Are there really infinite transcendental numbers?

[SLD]

 Riemann zeta function - Riemann Zeta Function -- from Wolfram MathWorld

is defined by a sum formula that is only valid for Re(s) > 1. That function has a pole, an infinite value, at s = 1, but one can go around that pole in the complex plane: analytic continuation.

Riemann Zeta Function Zeros -- from Wolfram MathWorld
The trivial ones are for s = -2, -4, -6, -8, -10, ...

The nontrivial ones have form s = sr + i*si, where 0 < sr < 1. The Riemann hypothesis states that all such zeros have sr = 1/2.  Riemann hypothesis - Riemann Hypothesis -- from Wolfram MathWorld It is related to the prime-number theorem, a hypothesis about the asymptotic distribution of prime numbers.  Prime number theorem - Prime Number Theorem -- from Wolfram MathWorld

The Riemann hypothesis has yet to be proved, despite the efforts of mathematicians for a century and a half, though it has been verified for the first 10^(13) nontrivial zeros.

So basically even though real part of the number is less than 1, the summation to infinity still converges, and in some cases along the real line 1/2 it actually goes to zero.

Does it go to infinity, I.e., not converge, for some numbers along the 1/2 “strip”? Or at other spots off the x axis?

Those would be poles right?

I wonder if you can creat a conformal map of the function?

 

[Swammerdami]

Note that

ζ(-1) = 1+2+3+4+... = -1/12​

That is: The zeta function at -1 is a divergent series that looks like ∞ but which, using analytic continuation can be treated as summing to the (unlikely looking!) value -1/12. This peculiar-looking summation was discovered by Leonhard Euler and later rediscovered by Srinivasa Ramanujan.

 

[SLD]

 Riemann zeta function - Riemann Zeta Function -- from Wolfram MathWorld

is defined by a sum formula that is only valid for Re(s) > 1. That function has a pole, an infinite value, at s = 1, but one can go around that pole in the complex plane: analytic continuation.

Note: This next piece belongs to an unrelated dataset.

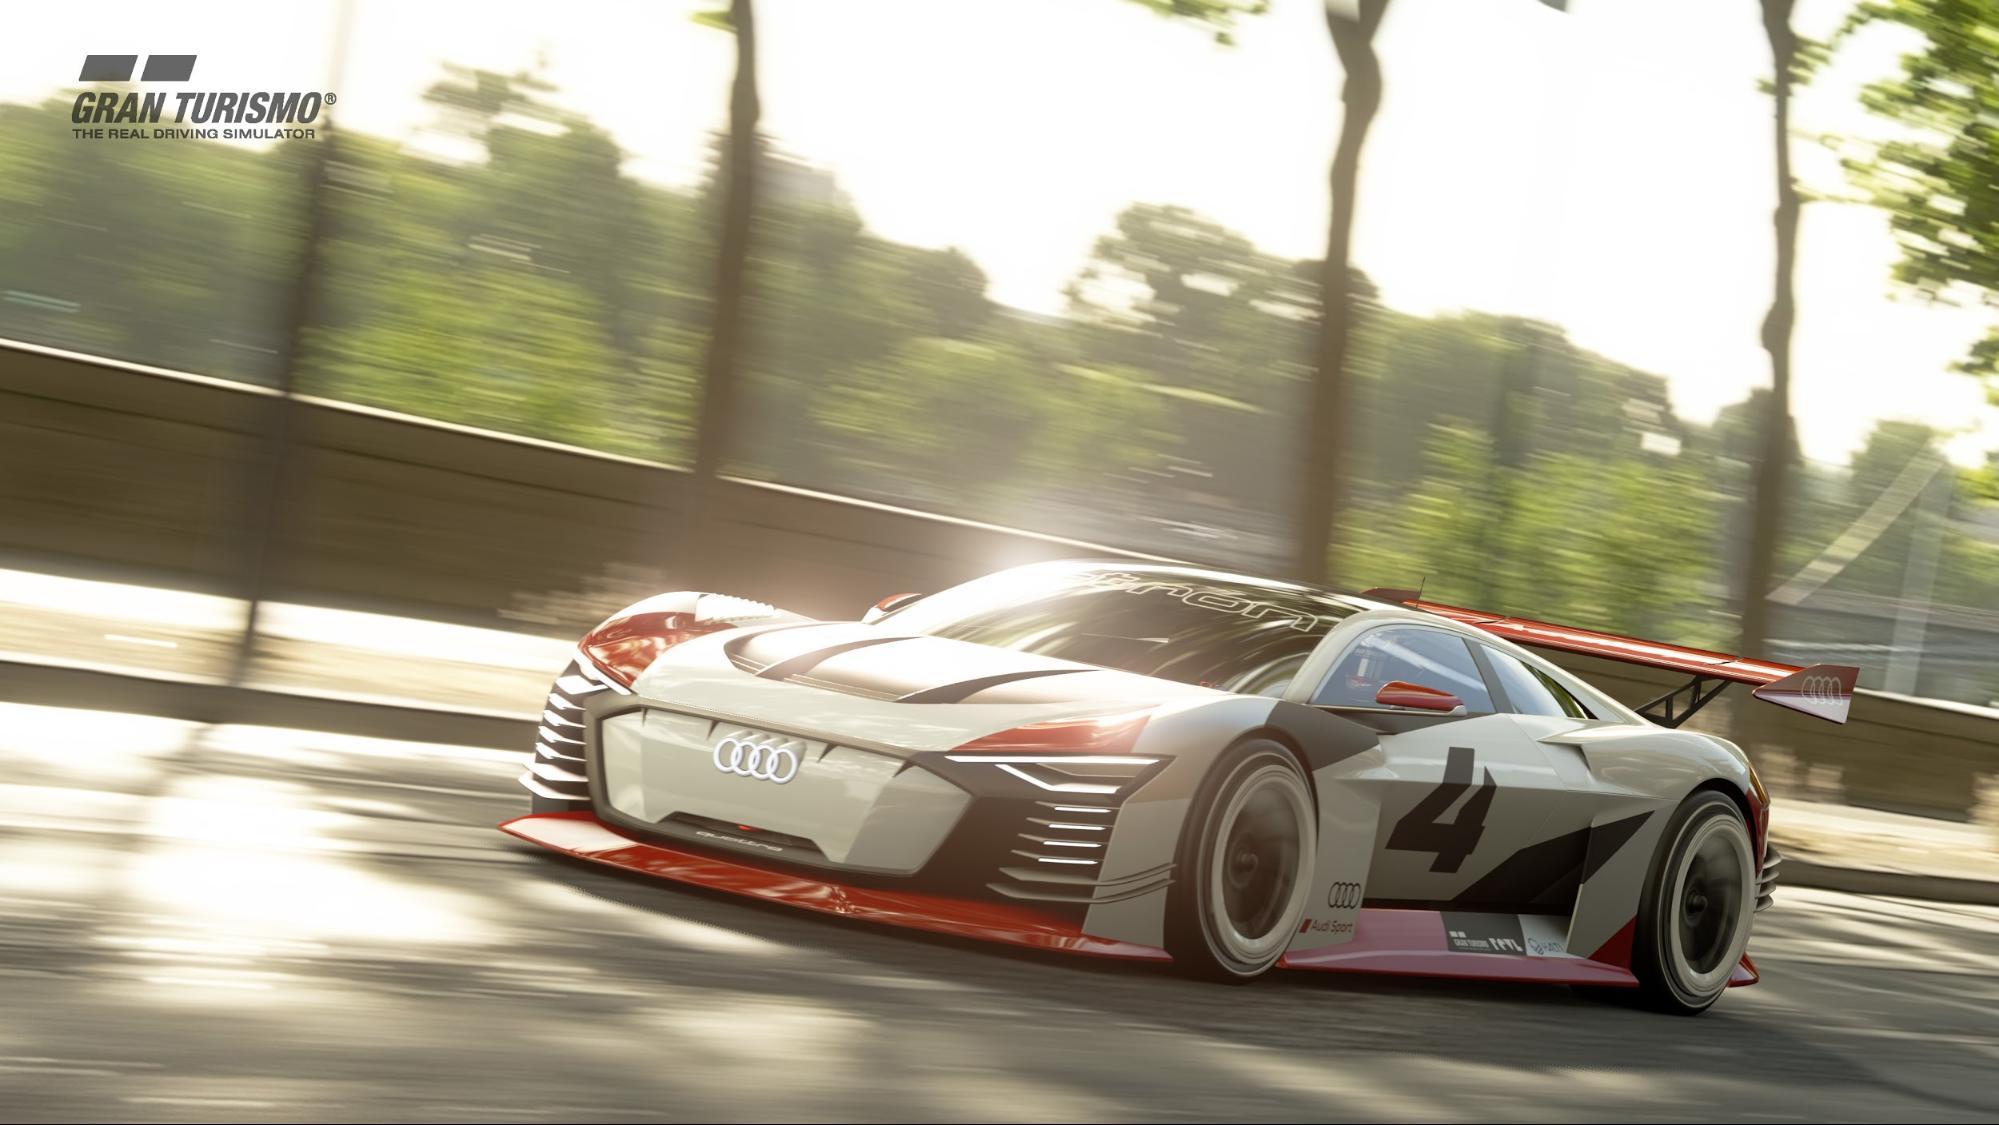 La simulation de course GranTurismo sur la PlayStation4 fait figure de référence. (AUDI)

Riemann Zeta Function Zeros -- from Wolfram MathWorld
The trivial ones are for s = -2, -4, -6, -8, -10, ...

The nontrivial ones have form s = sr + i*si, where 0 < sr < 1. The Riemann hypothesis states that all such zeros have sr = 1/2.  Riemann hypothesis - Riemann Hypothesis -- from Wolfram MathWorld It is related to the prime-number theorem, a hypothesis about the asymptotic distribution of prime numbers.  Prime number theorem - Prime Number Theorem -- from Wolfram MathWorld

The Riemann hypothesis has yet to be proved, despite the efforts of mathematicians for a century and a half, though it has been verified for the first 10^(13) nontrivial zeros.

I just wonder how Riemann actually calculated these numbers without a calculator.

And are we sure that the series actually converges to zero at these points? Or is just that we know it seems to?